Write $\frac {1} {z ^ 3-iz ^ 2-z + i} $ in series of powers in a neighborhood of zero.
Idea: $\frac {1} {z ^ 3-iz ^ 2-z + i} = \frac {1} {-z^2(i-z)+(i-z)}= \frac {1} {(i-z)(1-z^2)}= \frac{a}{i-z}+ \frac{bz+c}{1-z^2}$ But I don't know how to continue, can anyone help me? Please
Thanks
On
With your approach:
$\dfrac{a}{i-z}+ \dfrac{bz+c}{1-z^2}=-ia\left(\dfrac{1}{1-(-iz)}\right)+(bz+c)\left(\dfrac{1}{1-z^2}\right) \\=\dfrac{-i}{2}\left(\dfrac{1}{1-(-iz)}\right)+(z+i)\left(\dfrac{1}{1-z^2}\right)$
Then just apply $\frac{1}{1-z^k}=\sum_{n=0}^{\infty}z^{kn}$, which works as $z$ is assumed to be in the neighborhood of zero.
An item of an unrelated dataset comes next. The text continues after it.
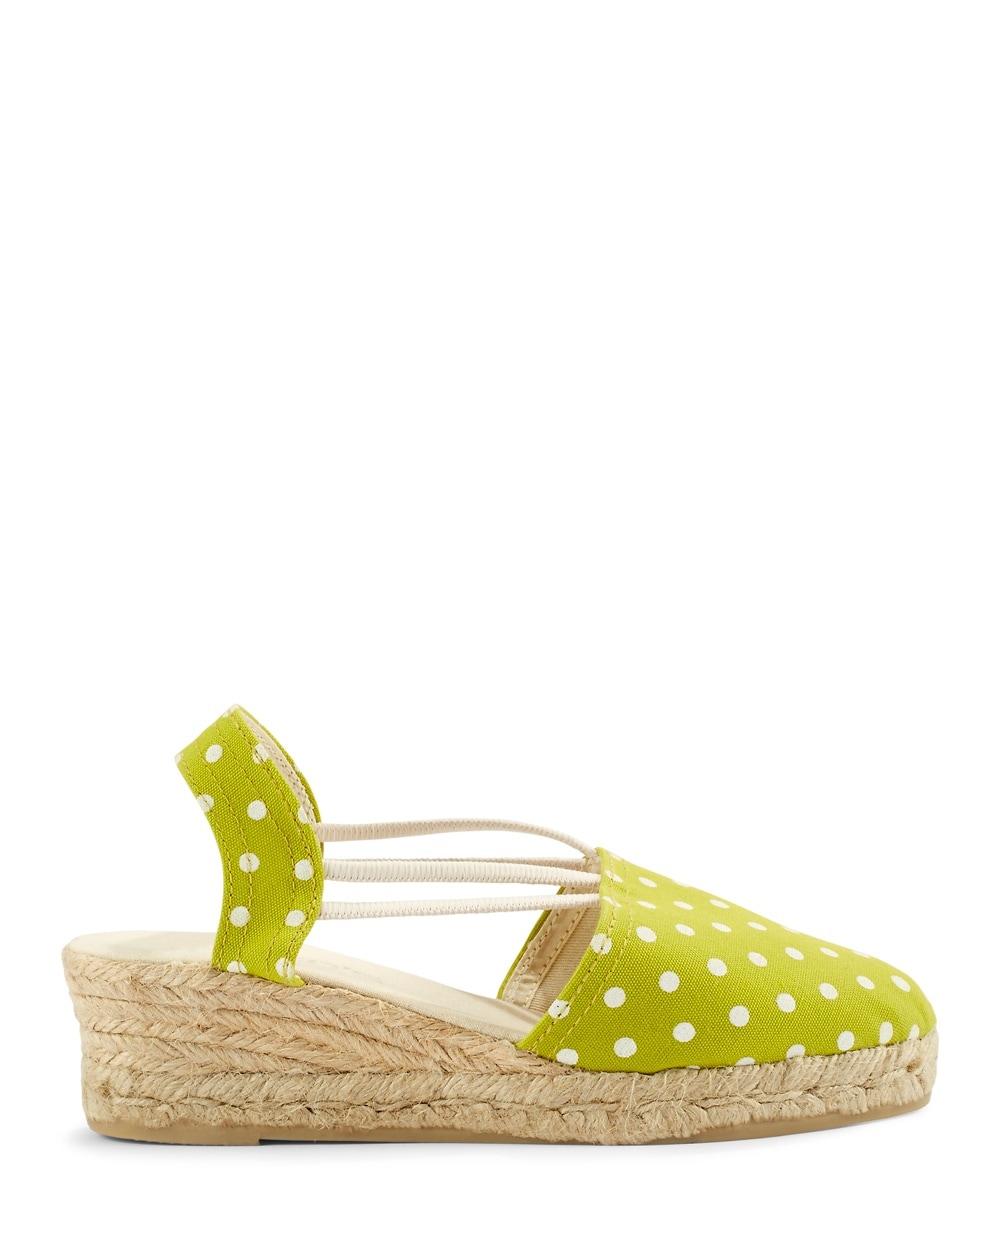 Dot Lime Green Espadrille Green Dot Lime Dot Sandals Espadrille Lime Sandals Green Espadrille 6ybf7gY

Note that you can simplify furher:
$$\dfrac {1} {(i-z)(1-z^2)}=\dfrac {a} {i-z}+\dfrac{b}{1-z}+\dfrac{c}{1+z}.$$
This might although not be necessary.
Your idea in fine. We have\begin{align}\frac1{z^3-iz^2-z+i}&=\frac12\times\left(\frac1{i-z}-\frac{z+i}{1-z^2}\right)\\&=\frac{-i}2\times\frac1{1+iz}-\frac12\times\frac{z+i}{1-z^2}\\&=-\frac i2\left(1-iz-z^2+iz^3+z^4+\cdots\right)-\frac{z+i}2\left(1+z^2+z^4+z^6+\cdots\right)\\&=-\frac i2\left(1-iz-z^2+iz^3+z^4+\cdots\right)-\frac12(i+z+iz^2+z^3+\cdots)\end{align}